As an Oxford guide I often mention the Rhodes Scholarship and its founder, Cecil. So, I thought I ought to delve into his life a little more by reading Rhodes: The Race for Africa by Antony Thomas. It’s an interesting and sometimes shocking biography of a driven man who seemed to exert power over so many during his short, but influential, life. It certainly adds fuel to the campaign by students who demand the removal of the man’s statue from the fascia of his Oxford College – Oriel – though I still do not think that is the correct course of action. One disappointment in life for Rhodes (and for me) is that he concluded that there was no-one whom he could not buy. I think that’s a double negative, but you know what I mean.

Finishing this much curtailed list with another fictional book, I did enjoy A Ladder to the Sky by John Boyne. This is an intriguing tale of an amoral young man who has two ambitions: to be a famous writer and a father. In pursuing the former he has a major weakness, though he writes well he is unable to create a great story line – so he steals them from the people who love him. He is a very attractive man, sexually ambivalent, and entirely without conscience; so it is shocking, but perhaps inevitable, that his thefts lead to the deaths of many who become trapped in his web. I think I’ve written enough already about this book since anything more would spoil a gripping tale which is very well written and capable of making the unthinkable tenable. John Boyne certainly does not have his main character’s weakness.

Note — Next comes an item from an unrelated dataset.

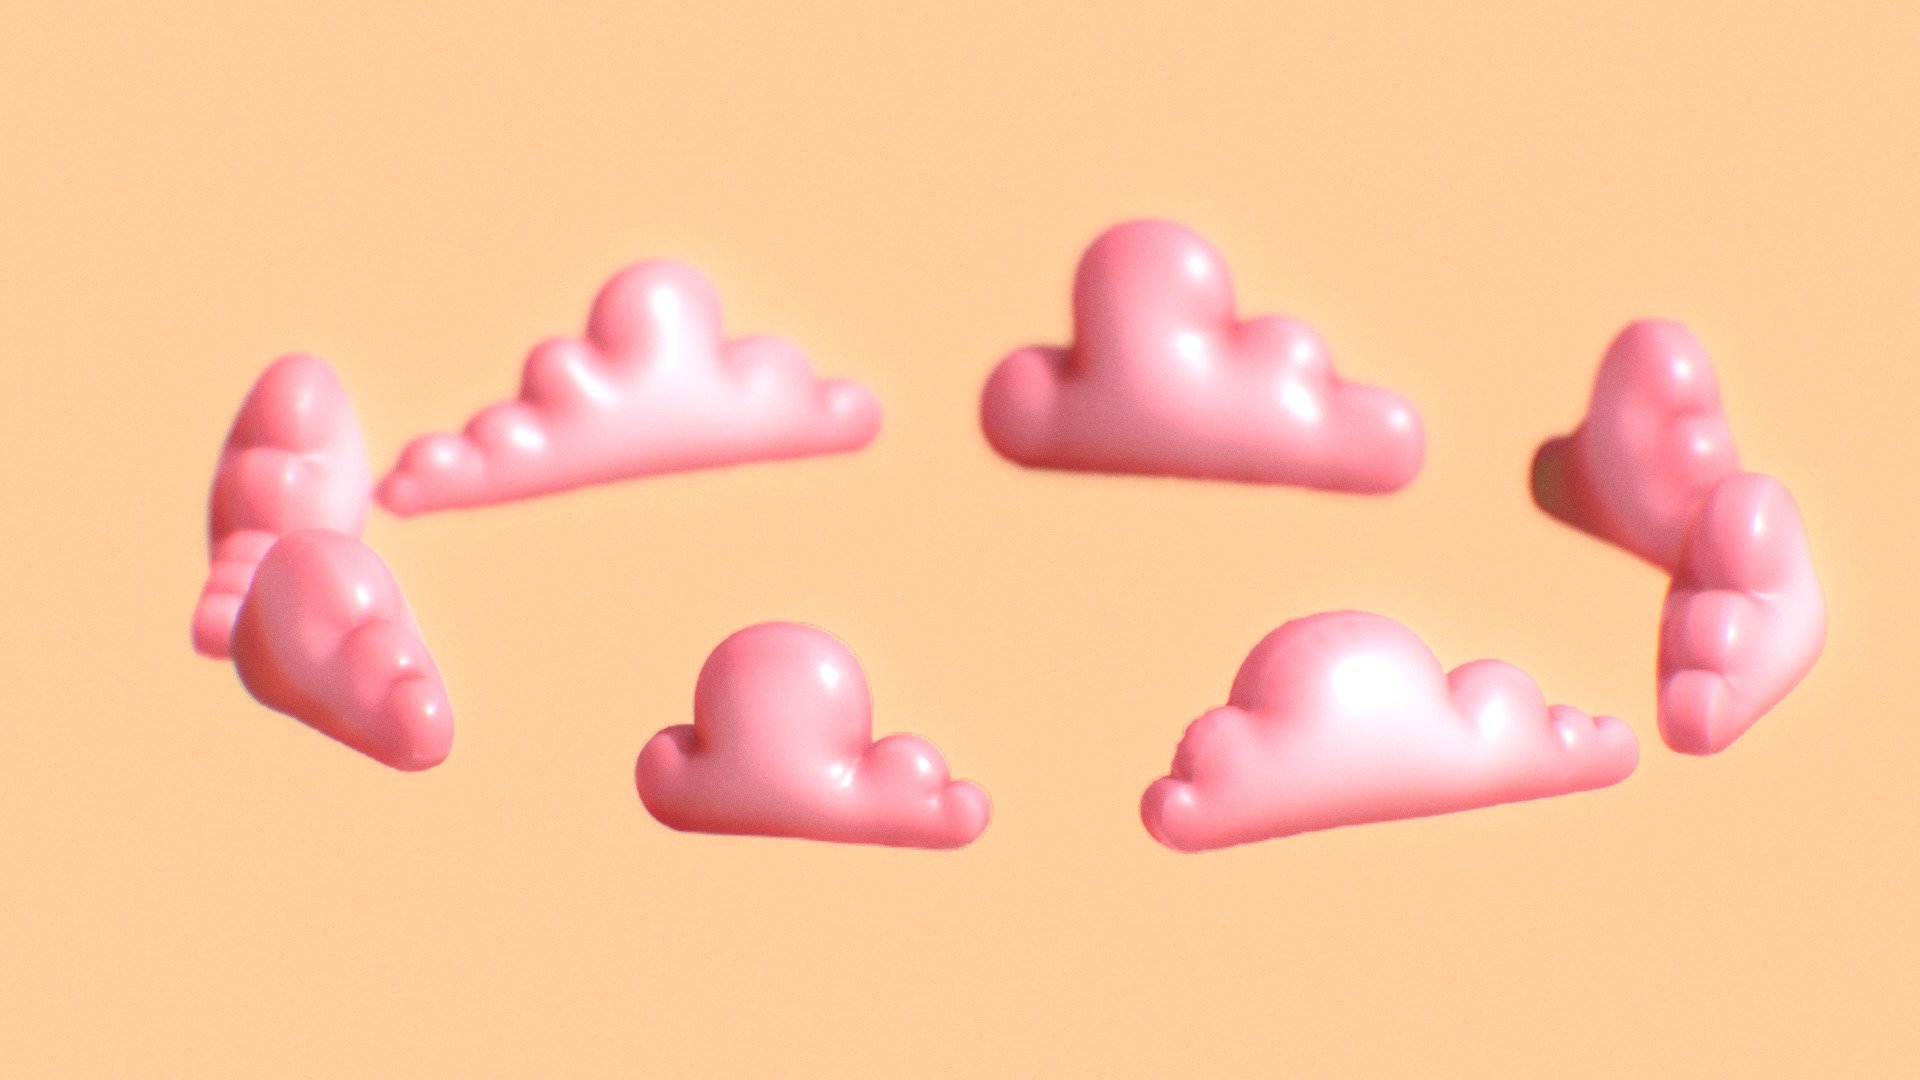 (ﾉ◕ヮ◕)ﾉ:･ﾟ✧ Fluffy pillow clouds ✧ﾟ･: ヽ(◕ヮ◕ヽ)

If you post your work on instagram please tag me, I want to see how you use my 3d models. @leo_isidrobyme ༼ つ ◕_◕ ༽ つ - CLOUDS PACK 5 - Buy Royalty Free 3D model by Leo Isidro (@leo.isidro3) 3d model

Oh, but just a mention of the rather zany What’s Eating Gilbert Grape by Peter Hedges. How could I forget Gilbert’s gargantuan mother?

And so, on to 2020 which has a nice ring to it: provided each of the four ‘t’s are clearly enunciated. This coming year will undoubtedly provide me with another feast of fiction, and it looks like I’m going to need it whilst sequestered in my country retreat for who knows how long.